> Material provided:
# # # # #

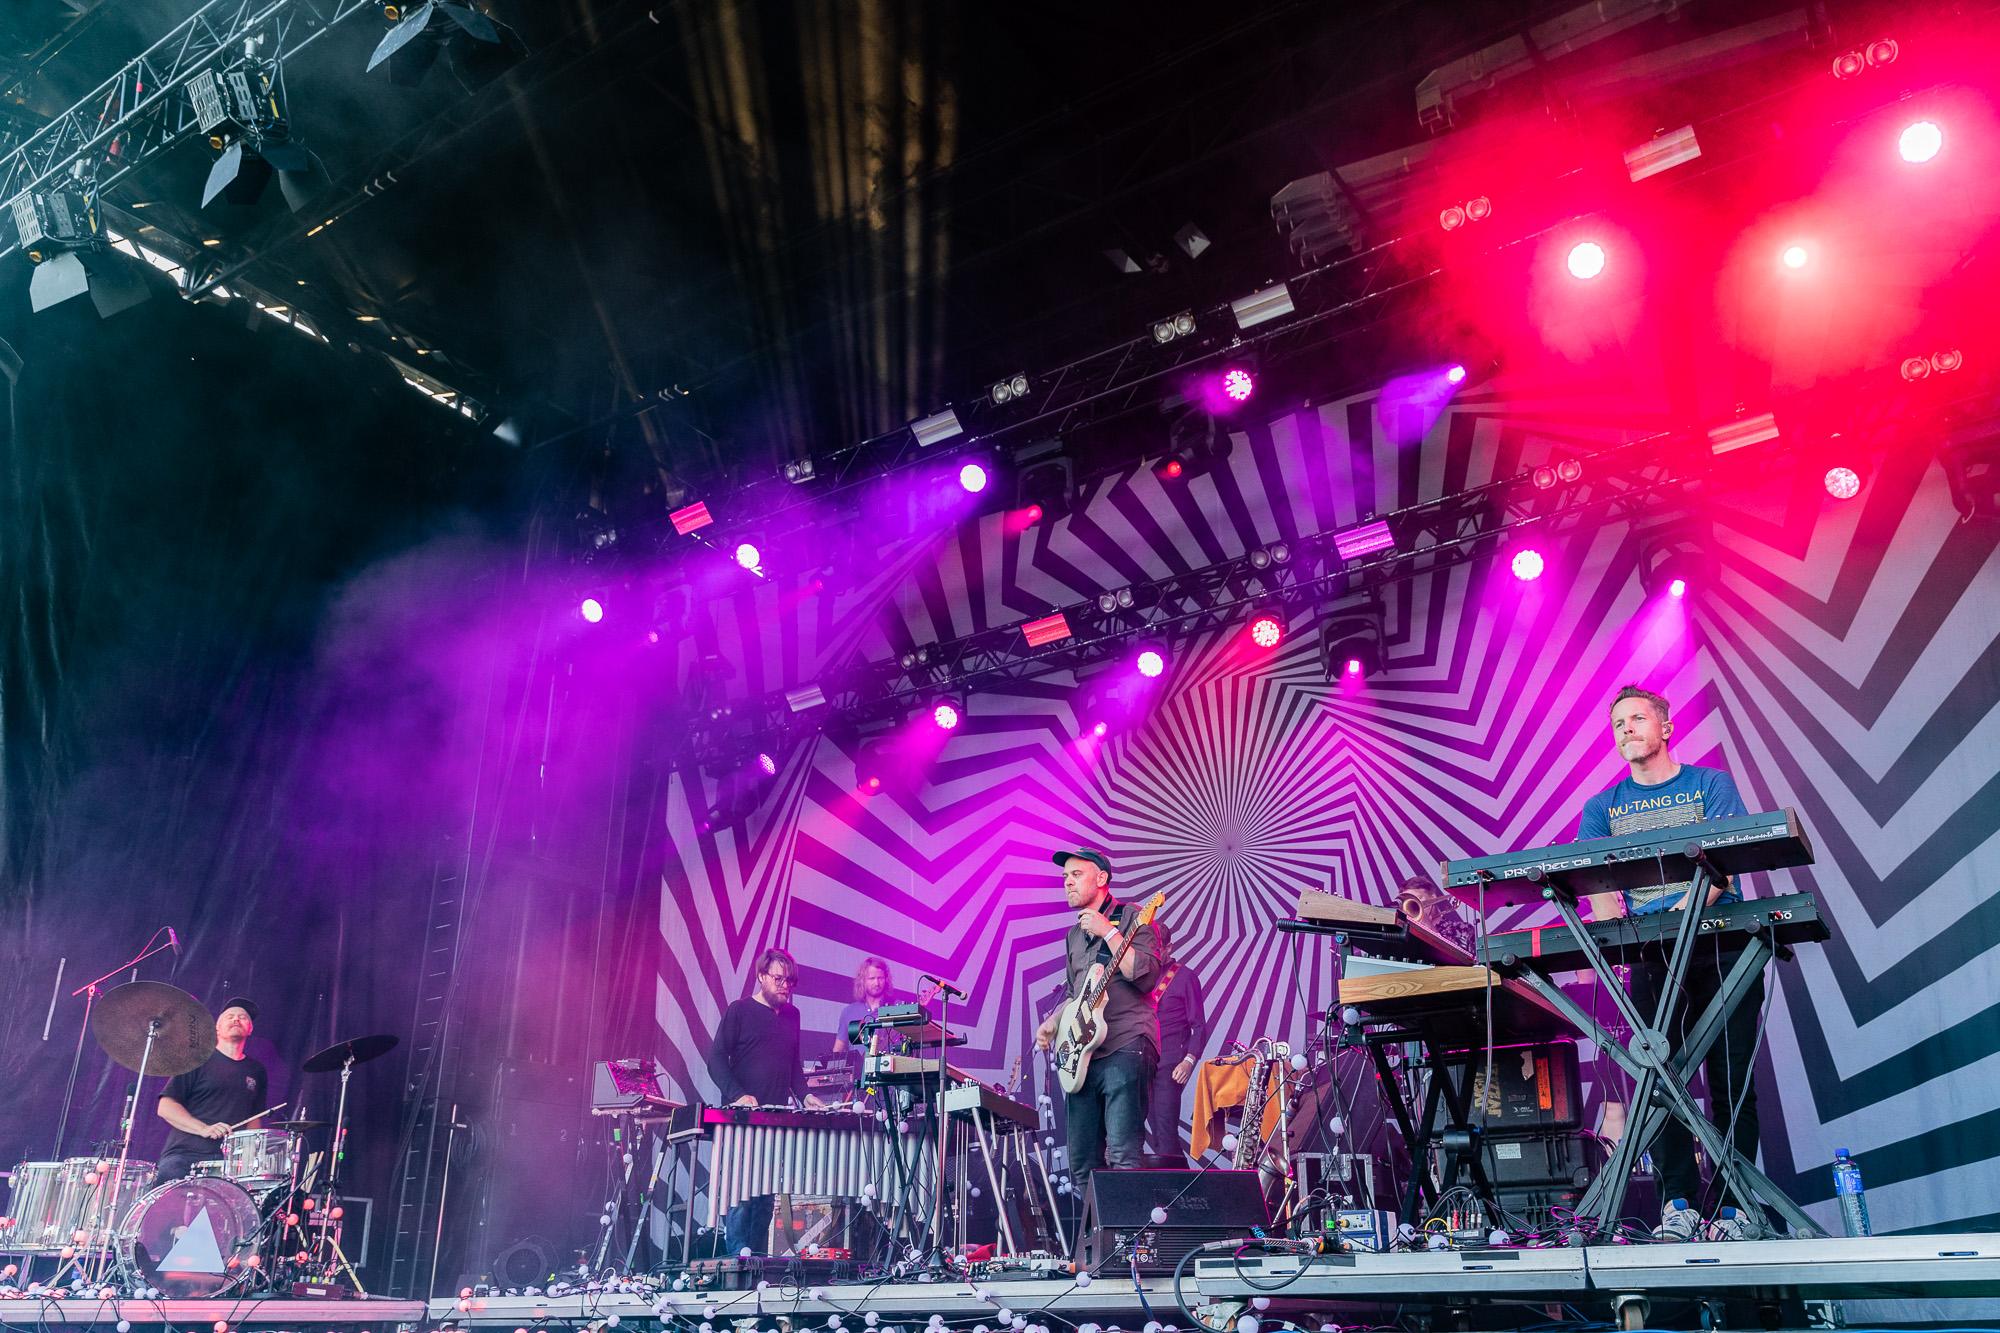 Jaga Jazzist @ Øya presenterer 2021
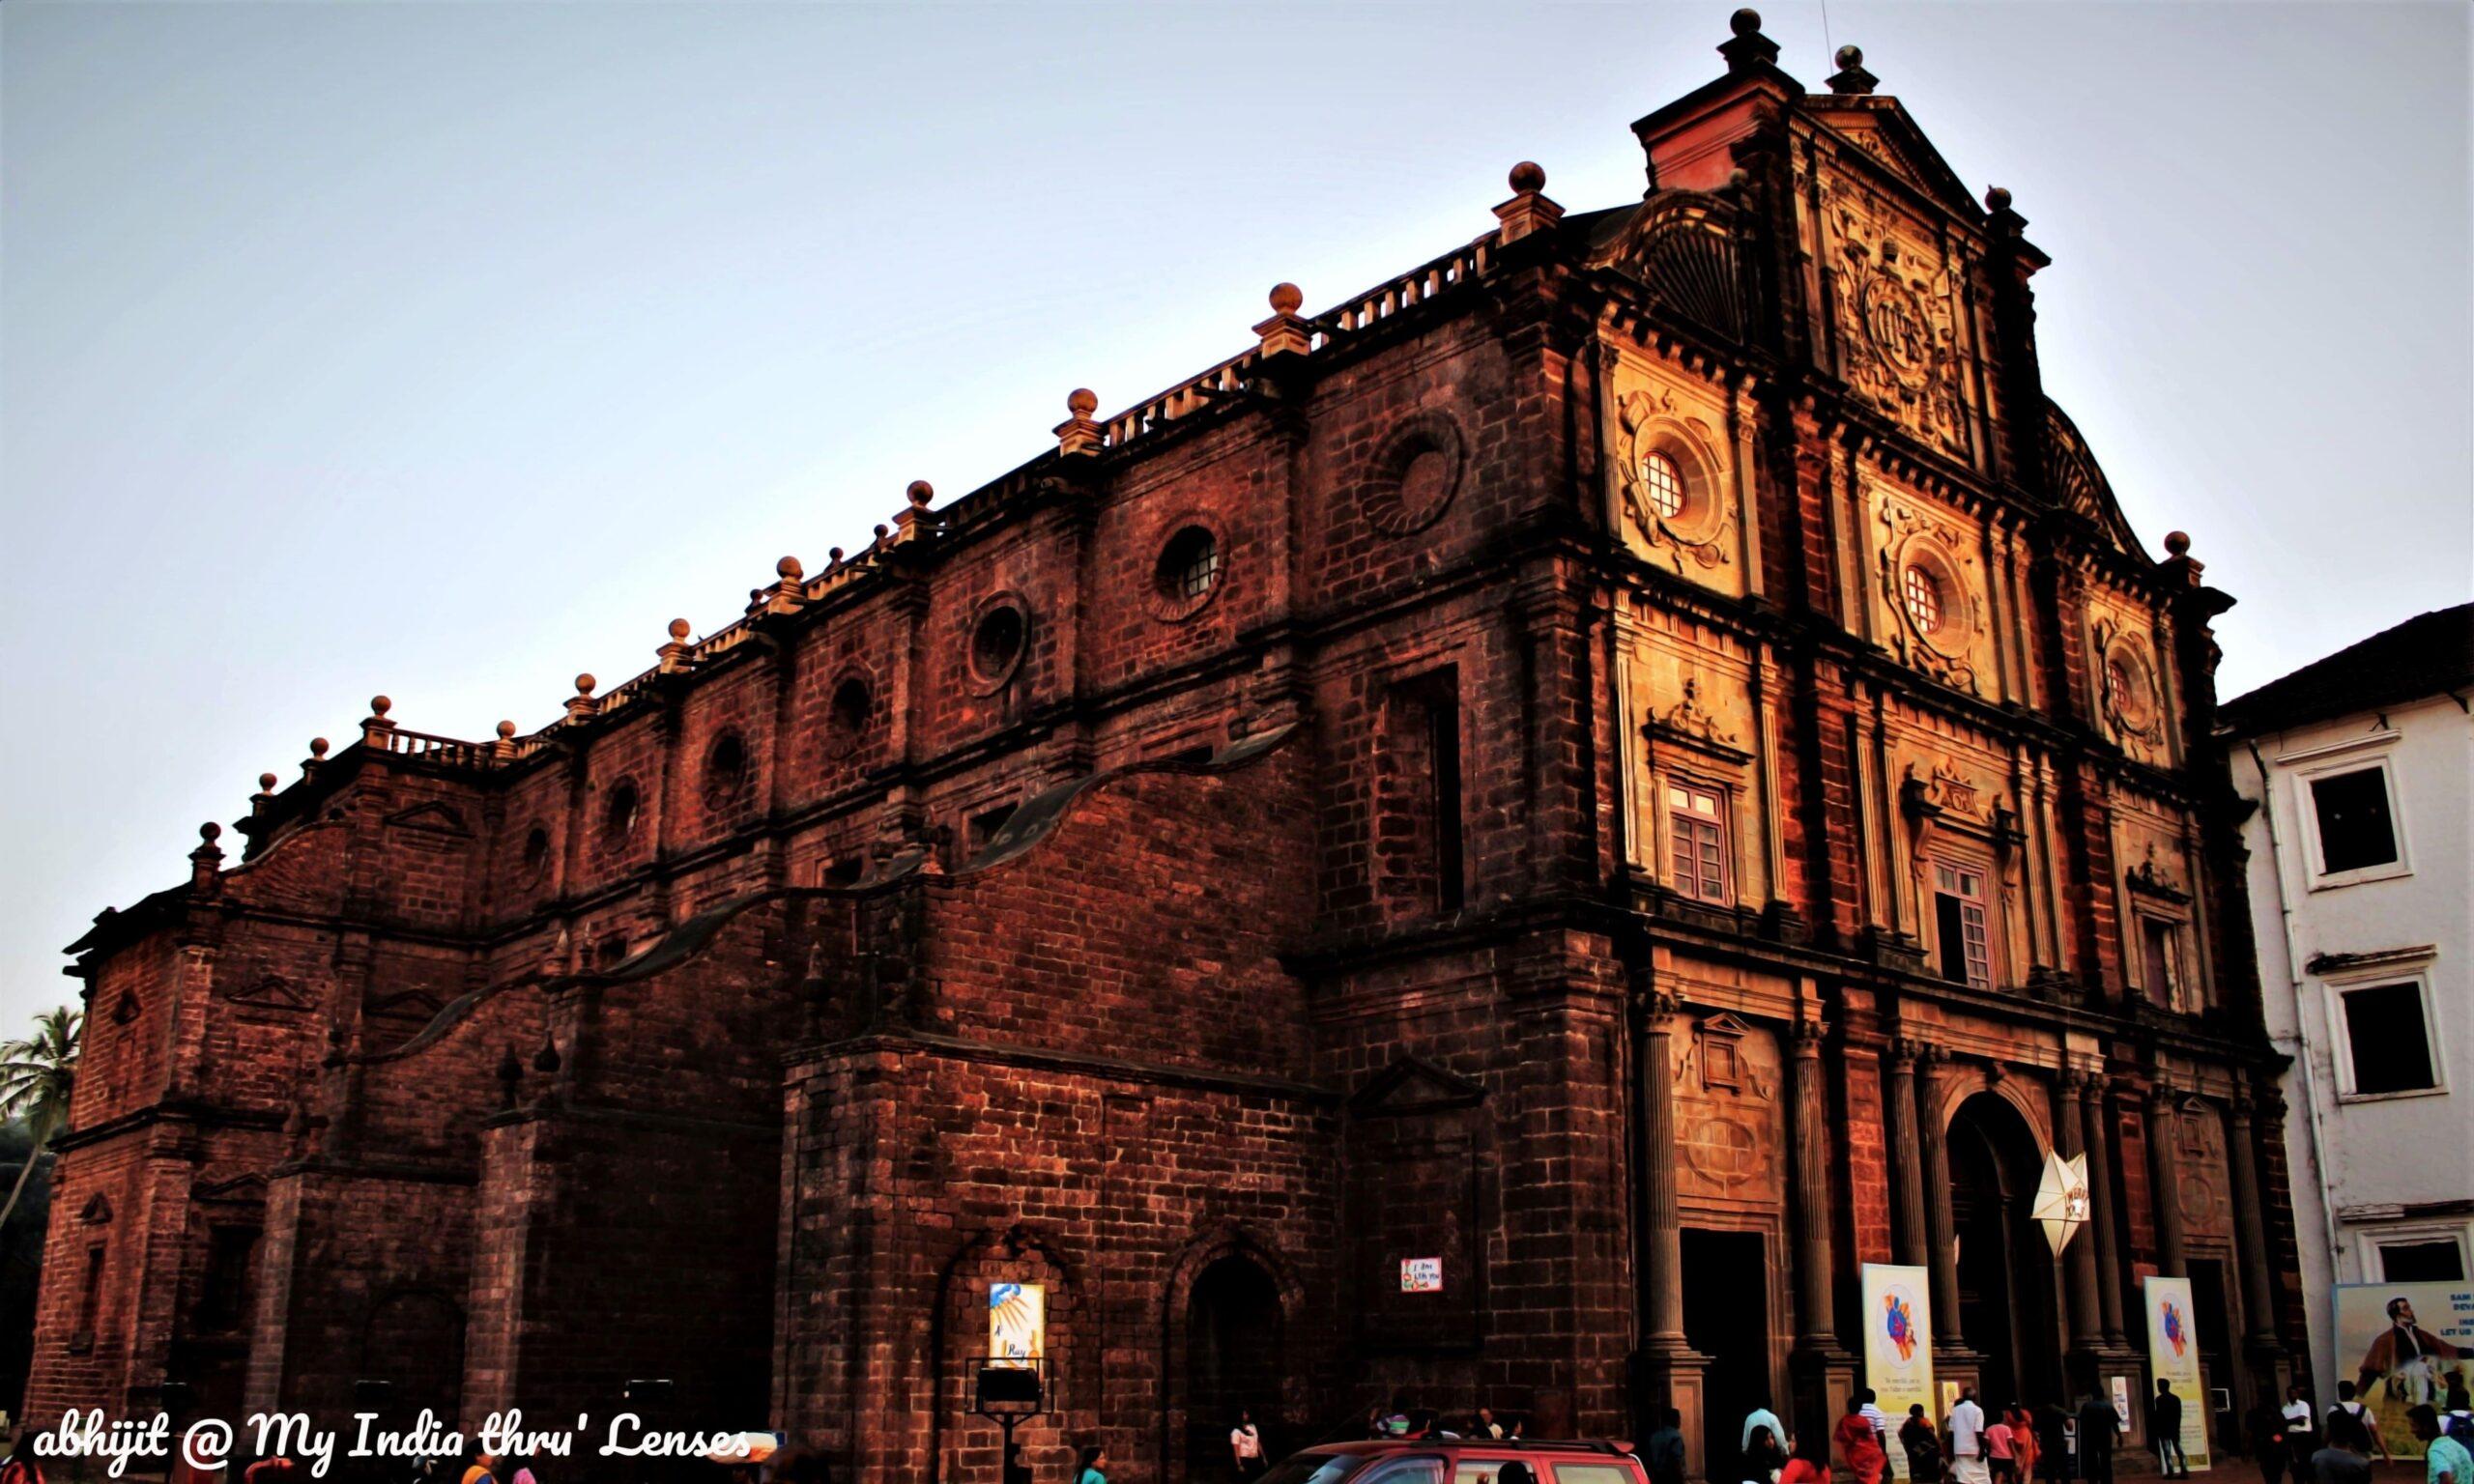 Churches & Convents of Goa
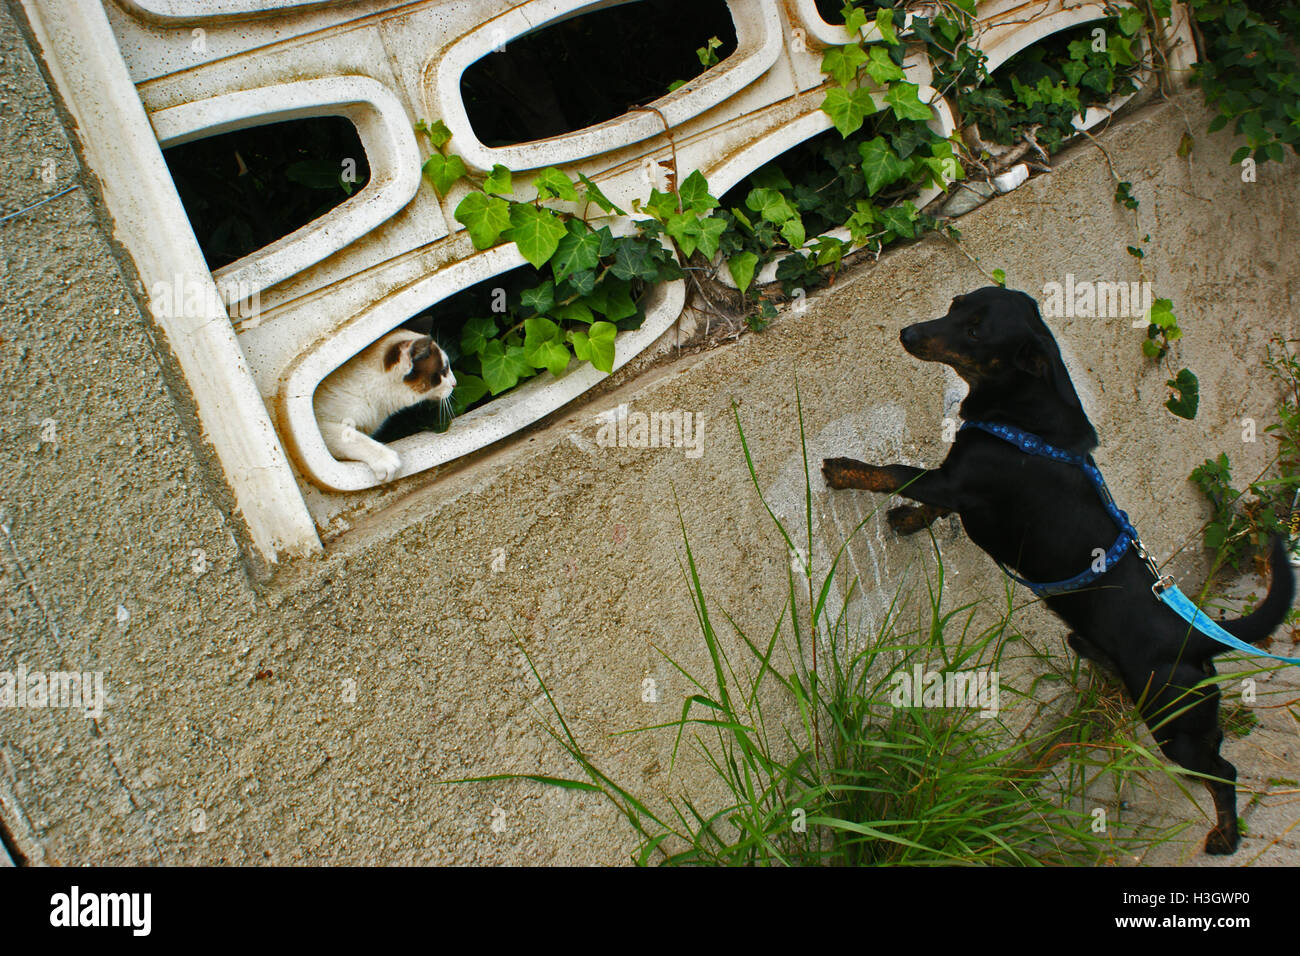 Cat interact whit dog. - Stock Image

# # # # #

> What you should do: Produce a word-for-word version of the material, with no pictures included.

> Worked solution:
 Jaga Jazzist @ Øya presenterer 2021
 Churches & Convents of Goa
 Cat interact whit dog. - Stock Image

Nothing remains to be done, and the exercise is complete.